#### Given data

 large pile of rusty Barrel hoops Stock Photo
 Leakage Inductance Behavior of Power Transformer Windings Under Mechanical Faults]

########
#### Given data

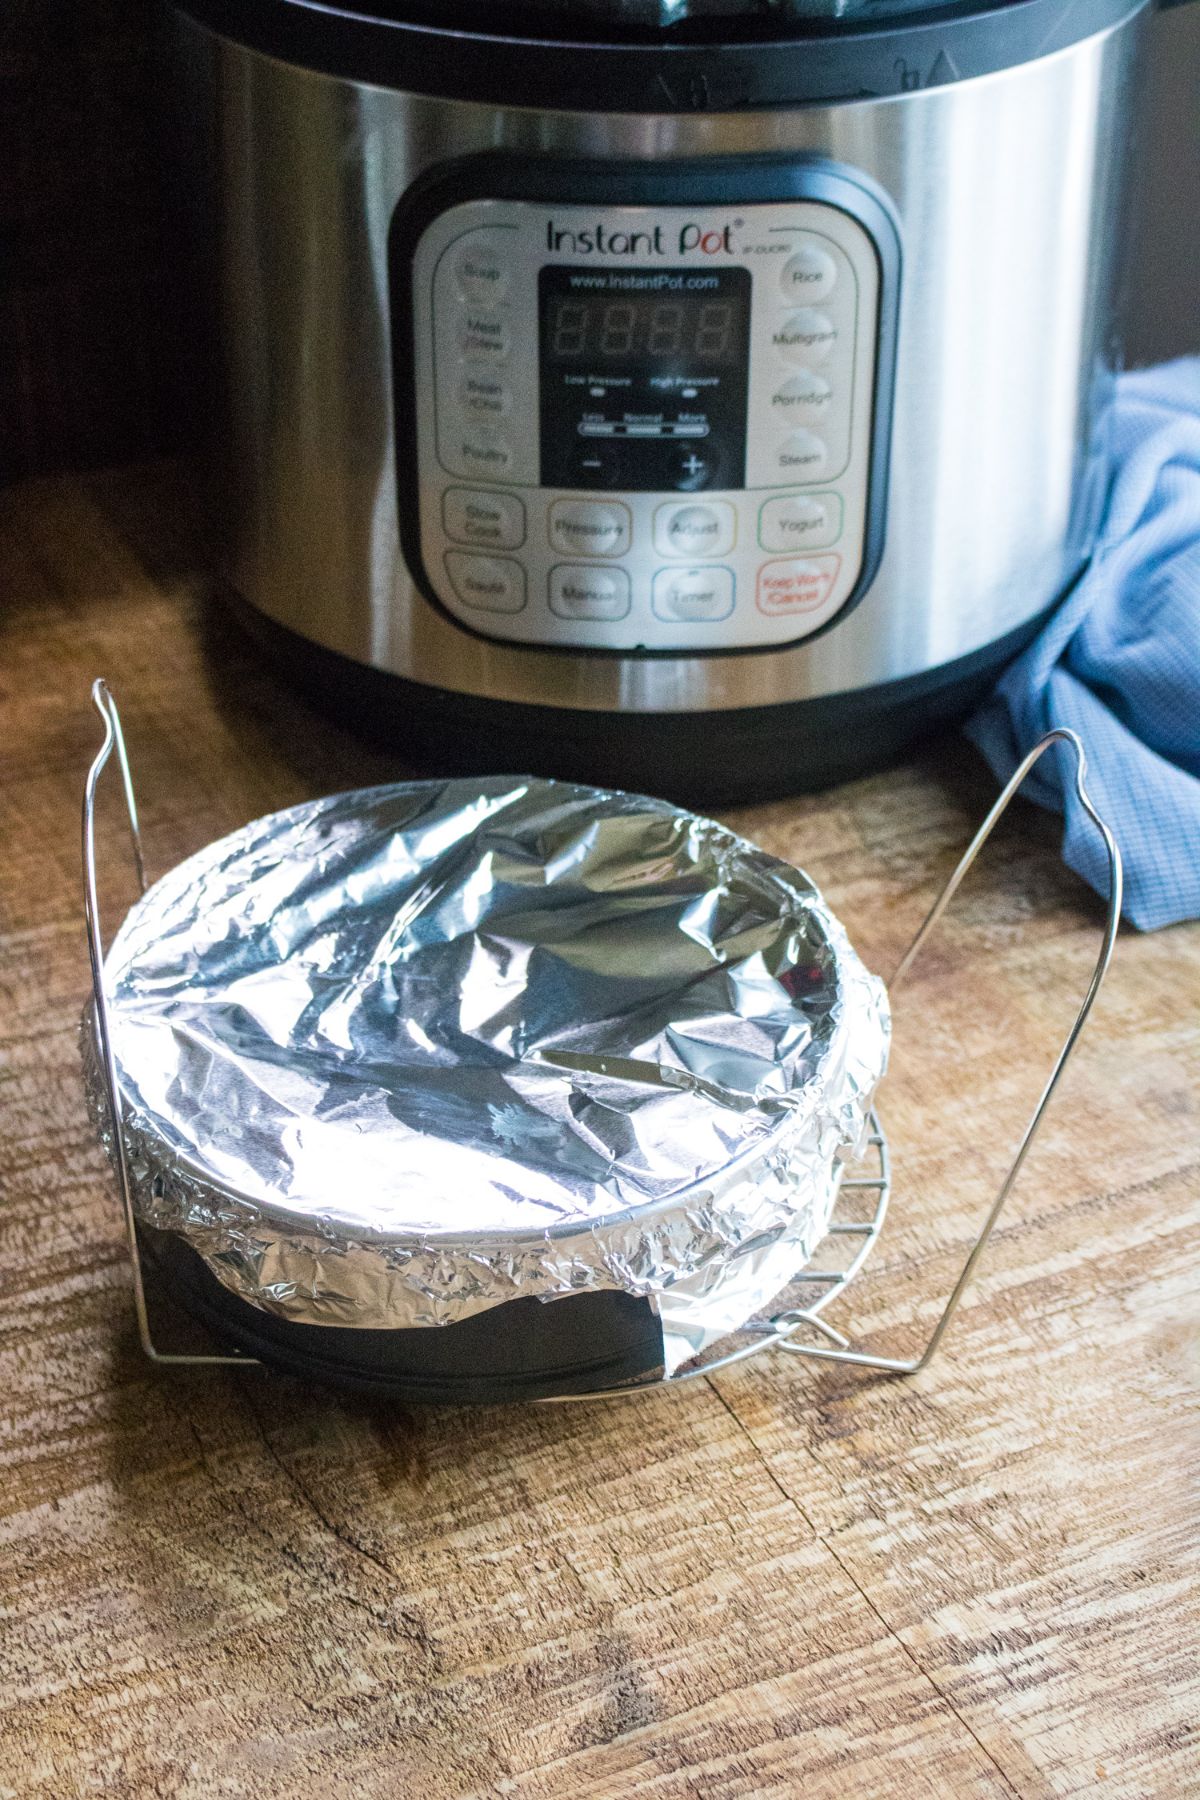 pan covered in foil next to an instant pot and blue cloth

########

Work to complete ▸ Each line in the entries above, starting at the line with "large pile of rusty Barrel hoops Stock Photo" and ending at the line with "Leakage Inductance Behavior", is to be printed exactly, and only those lines.

Expected output ▸
 large pile of rusty Barrel hoops Stock Photo
 Leakage Inductance Behavior of Power Transformer Windings Under Mechanical Faults]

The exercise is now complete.